Alcohol-Related Deaths Have Doubled in Past 20 Years

Rates of alcohol-related deaths among Americans have roughly doubled in the past 20 years, with women accounting for a considerable portion of the spike, new research shows.

Despite the national focus on fighting the opioid epidemic, the findings suggest that there’s still work to be done when it comes to alcohol addiction.

The study was conducted by the National Institute on Alcohol Abuse and Alcoholism, an arm of the National Institutes of Health.

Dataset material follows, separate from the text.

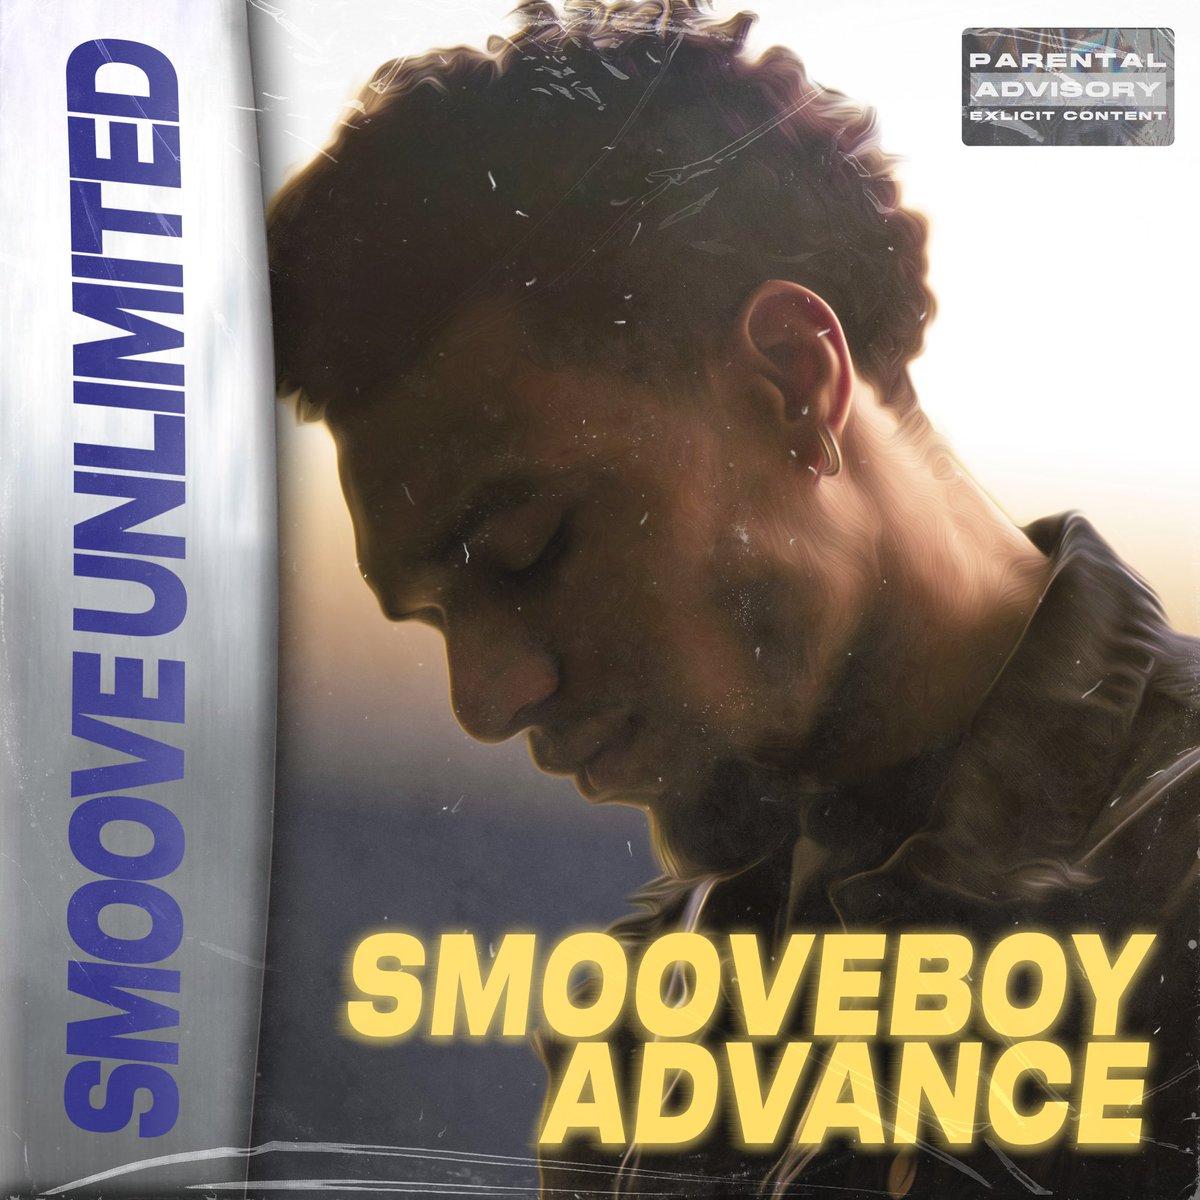 STREAM #SMOOVEBOYADVANCE TODAY ON YOUR FAV MUSIC APP ampl.ink/4xrBk

To reach their findings, researchers looked at death certificate data compiled by the National Center for Health Statistics spanning nearly 20 years, from 1999 to 2017.

Researchers found that a variety of alcohol-related causes led to the deaths of almost one million Americans aged 16 and older during that period. Some examples include alcohol poisoning, liver and heart disease, and physical injuries sustained from being under the influence.

Alcohol-related deaths doubled in the time period, growing from 35,914 in 1999 to 72,558 in 2017.


While a higher number of men succumbed to alcohol-related deaths, the percentage of women who suffered alcohol-related deaths soared. It increased by over 100% during the period studied, with an increasing number of those deaths coming from white women and women overall in younger age groups.

Aaron Moore, who was the lead researcher on the study, told National Public Radio that increased alcohol consumption among women has also resulted in more emergency room visits and longer hospital stays. He and the other researchers also sounded a warning that the rise in alcohol-related deaths should not be overlooked.

“[The] findings confirm an increasing burden of alcohol on public health and support the need for improving surveillance of alcohol-involved mortality,” the report noted.